Attached Form is as shown in the attached Form.

C. Determination

(1) According to Article 70(1) of the former Restriction of Special Taxation Act and Article 67(1), (2), and (3)1 of the former Enforcement Decree of the Restriction of Special Taxation Act (amended by Presidential Decree No. 20620, Feb. 22, 2008) (amended by Presidential Decree No. 20620, Feb. 22, 2008), where a person who resided in the previous location of farmland for not less than three years and cultivated while residing in the new location of farmland for not less than three years after acquiring another farmland within one year from the date of transfer, and the newly acquired farmland for not less than three years, and where the area of the farmland to be acquired is 1/2 of the area of the farmland to be transferred or the value of which is not less than 1/3 of the value of

(2) The purport of the provision that reduces capital gains tax on substitute land for farmland under the former Restriction of Special Taxation Act is to protect a self-employed farmer and encourage agriculture by guaranteeing free substitution of farmland. Thus, the object of reduction or exemption is limited to a case where farmland acquired by a self-employed farmer is to be substituted for cultivation necessity. Thus, the requirements for reduction or exemption of capital gains tax on substitute land for farmland should be farmland. ① The requirements for reduction or exemption of capital gains tax on substitute land for farmland shall be farmland, ② the previous land and new land shall be farmland shall be farmland, ② the previous land shall be cultivated directly while residing in the previous location for three or more years, and the new land shall be cultivated directly for three or more years, ③ the period between the transfer date of the previous land and the acquisition date of the newly acquired land shall be within one year, and ④ the period between the transfer date of the previous land and the newly acquired land shall be not less than 1/2 of the value of the farmland to be transferred. In this case, the "direct cultivation" shall be proved to be 1/3 or more of capital gains tax on the said farmland regularly owned or its own necessity.

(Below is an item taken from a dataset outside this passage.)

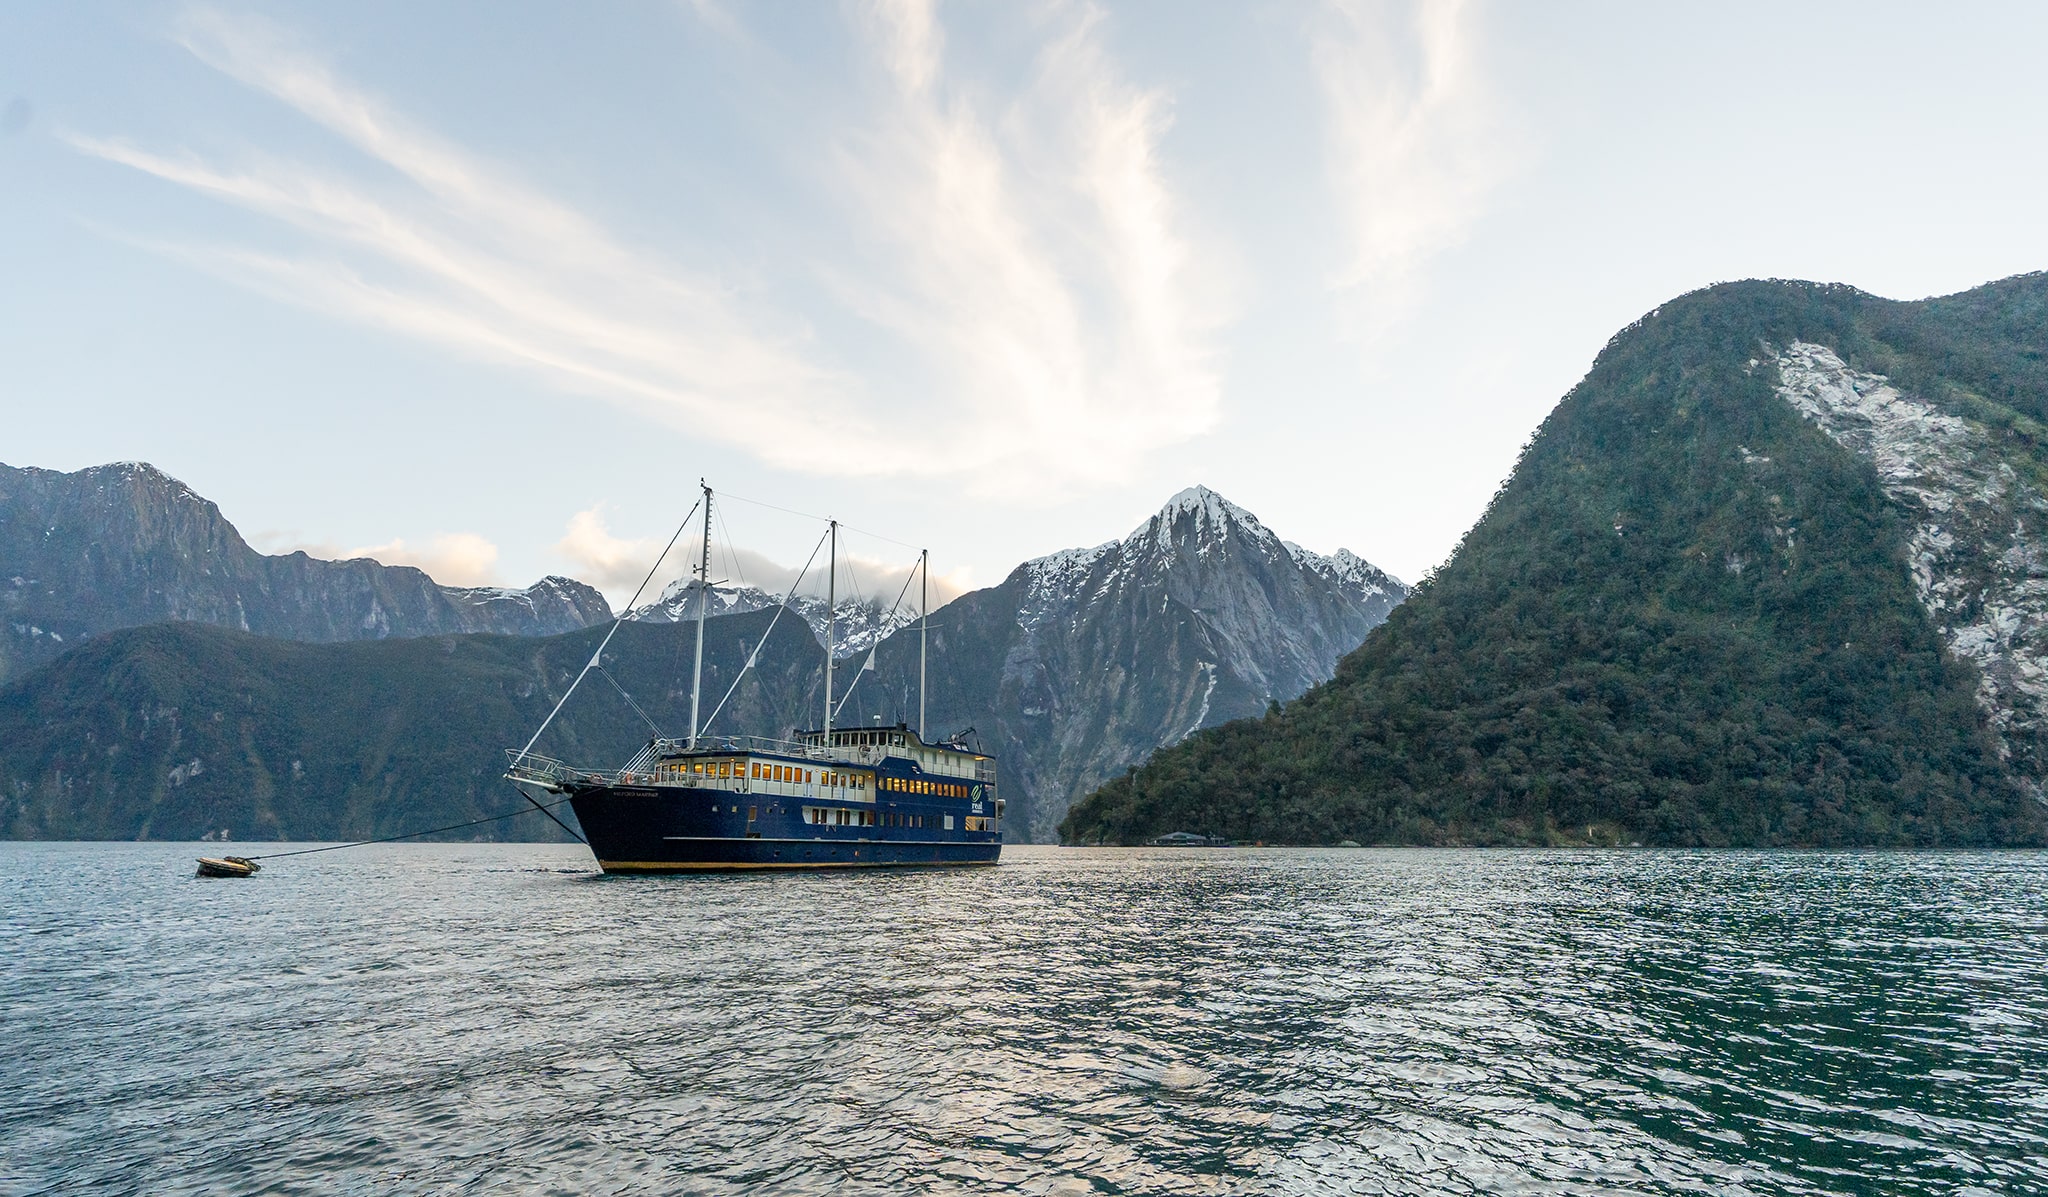 Boat moored in Milford Sound for the night

(3) With respect to the instant case, there is insufficient evidence to acknowledge the fact that the Plaintiff directly cultivated while residing in the location of the instant farmland for more than three years, and there is no other evidence to acknowledge that the testimony by the public witness B, as to the health team, Gap evidence Nos. 4, 5, Eul evidence No. 8, and Eul evidence No. 10. Rather, according to the evidence Nos. 7 and 8, the Plaintiff was staying in Japan on 262, 2005, 211, 2006, 307, 309, and 34, 2008, as well as from the time of the acquisition of the instant farmland to the time of the transfer, the Plaintiff prepared a certificate of the fact that the Plaintiff had cultivated the farmland for more than three years, and it is only recognized that the Plaintiff prepared a certificate of the fact that the Plaintiff had cultivated the farmland for more than three years after the acquisition.

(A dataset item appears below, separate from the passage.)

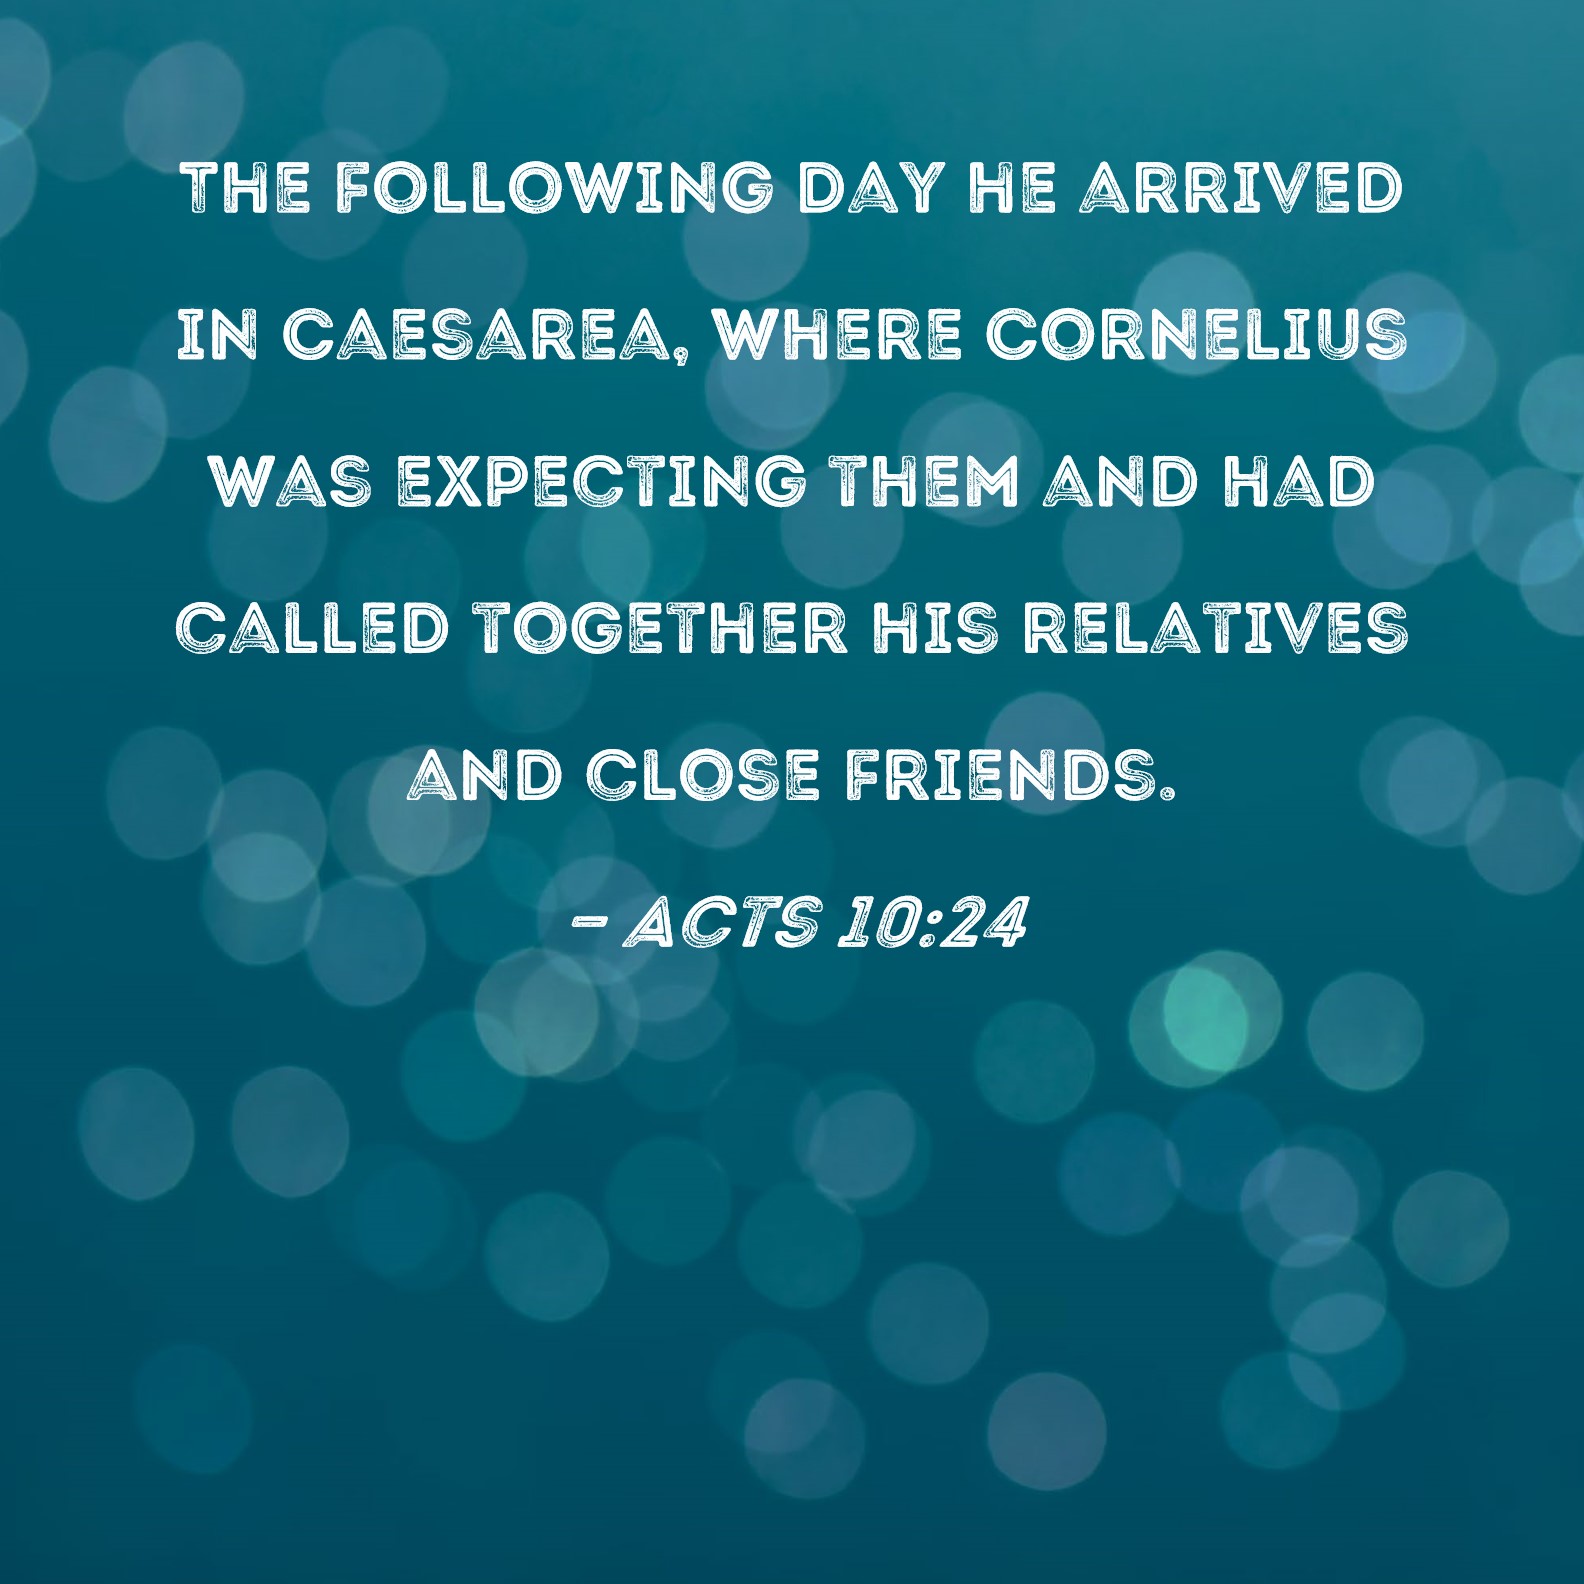 Acts 1024 The following day he arrived in Caesarea, where Cornelius

(4) Therefore, the Plaintiff’s assertion is without merit and the instant disposition is lawful, since it did not meet the requirements for application of the capital gains tax reduction and exemption under the former Restriction of Special Taxation Act.

3. Conclusion

Therefore, the plaintiff's claim is dismissed as it is without merit, and it is so decided as per Disposition.